On the strength of my memory of Herring’s knitted Mylar pieces and his photosculptures, I had the month before nominated his show, sight unseen, for one of critic David Cohen’s “Review Panels” at the National Academy Museum. I pulled Herring and two others from my handy must-see/will-see notebook that I use to map and schedule my forays into the real world of art in galleries and museums.
Cohen’s clever gimmick here is that three art-worlders (in October it was artist/writer Greg Linquist, ARTnews’ Barbara MacAdam, and myself) chat live with him about four exhibitions that the paying audience has had an opportunity to view in advance.
As if by magic, two of my nominations stuck to the wall — Herring at Meulensteen and, alas, Guillermo Kuitca at the new Sperone Westwater space architected by Sir Norman Foster.
Except for the 1992 mattresses (Le Sacre) in the gigantic elevator-gallery (“moving room”), the Kuitcas on display were dull. The exhibition was a snore, but the building a success.
I then trounced the dull, dull, dull and awkward, overpraised painting of Suzan Frecon at David Zwirner (who was also on our assignment list), as a hideous marriage between Georgia O’Keeffe and Mark Rothko. This was not well-received. Frecon is our new Anne Truitt. In short: Looks better in photos than in real life. One wants to like her work, but she doesn’t really deliver.
But I did fall for Liz Cohen’s hybrid car at the new (and dramatically designed) Salon 94 on the Bowery, launched by TV star (Work of Art: The Next Great Artist) Jeanne Greenberg Rohatyn.
Salon 94 in its new incarnation is right near the New Museum. You walk down a single uninterrupted flight of stairs into the two-story underground exhibition space, in this case, splendidly theatricalizing Cohen’s zany Trabantimio — an East German Trabant and a Chevy El Camino “hybrid” the artist engineered herself. You could say that the artist specializes in body work. As a photographer, she once did a series focused on transgender sex workers in the Panama Canal Zone. As part of the Trabantimio East/West project, Cohen hired a trainer and transformed her own body so it would be suitable for the pinups accompanying her “convertible” when exhibited at low-rider meets. The Trabant expands and almost turns into an El Camino.
But Oliver Herring? He knocked my socks off. My hand-knitted socks.
Eternally Emerging
Herring’s series of 21 eight-hour “Actions” at Meulensteen presented a sampling of what he has been up to in terms of his “Performative” work, instigated here and there around the country in galleries, museums, and art schools
Herring: FluxTASK at FluxSpace Philadelphia, 2007. 400 plus participants.

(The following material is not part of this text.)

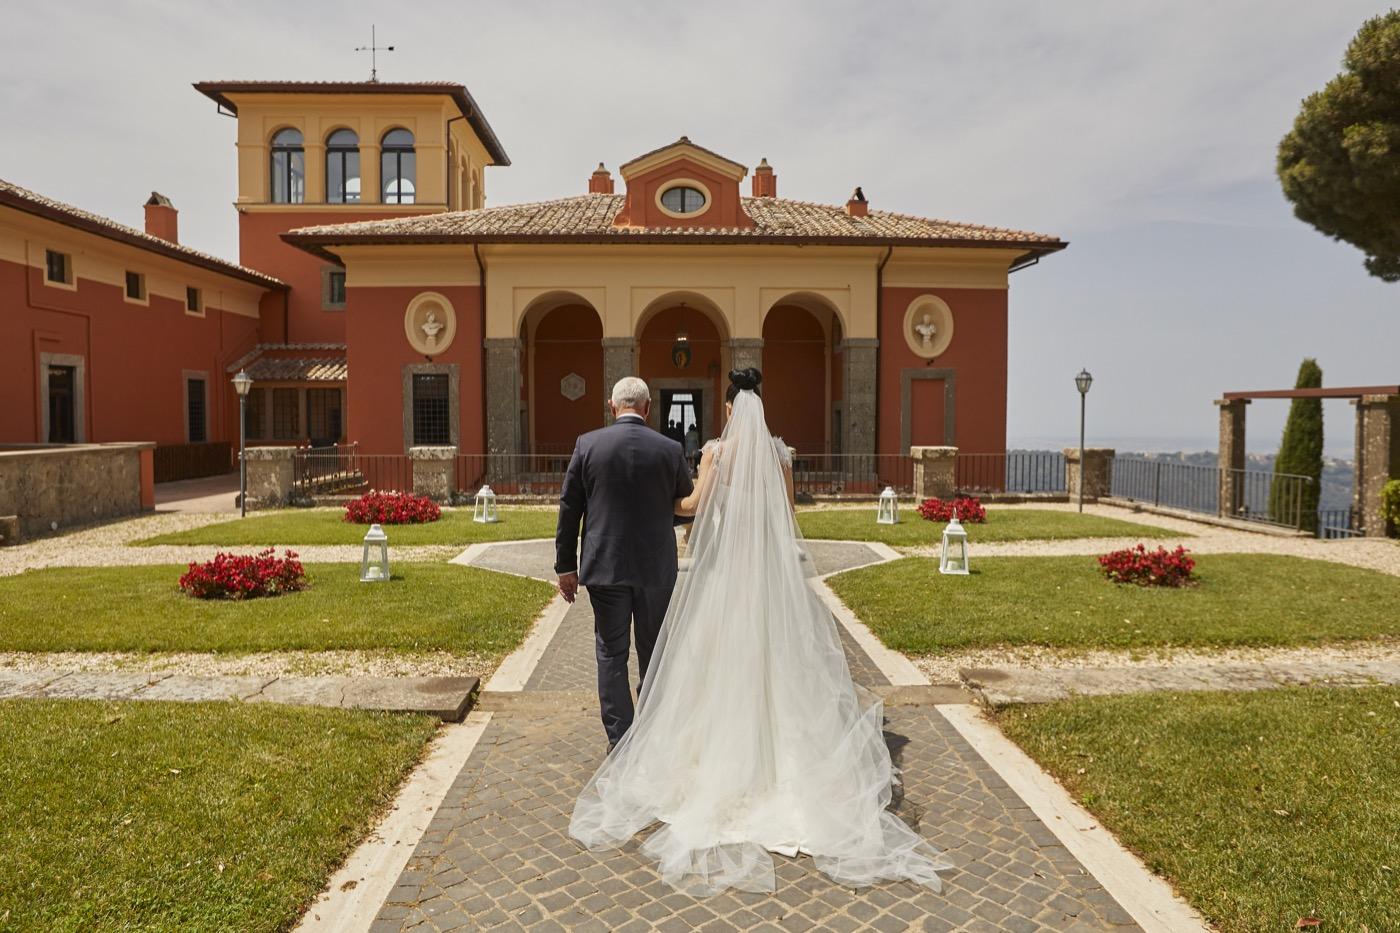 Claudio-Coppola-wedding-photographer-villa-del-cardinale-rocca-di-papa-castel-gandolfo-27

When was the last time you saw actual performance art in a commercial gallery? Vito Acconci’s Seedbed at the Sonnabend Gallery in Soho in 1972? Technically, it was heard, not seen.
Herring’s “Actions” at Meulensteen brought many viewers (including yours truly) back several times and I don’t think it was the novelty. Charming, puzzling, odd, benign — we couldn’t get enough. When I Facebooked Herring’s Color Spit Group video clip, someone responded that Herring was Warholian; another commented that I had to be kidding and it was the silliest thing he had ever seen. I permanently hid the latter “friend” (1462 friends and still counting, pulling ahead of Arthur Danto but not yet Jerry Saltz or Lady Gaga). It was the now-banned “friend” who made me realize I was on to something.
Born in Heidelberg, Germany; educated at Oxford and then here in New York at Hunter College, Herring is now all of 46. So technically he is not an emerging artist. One of his photosculptures was on the cover of ARTnews in 2009, along with an excellent profile inside.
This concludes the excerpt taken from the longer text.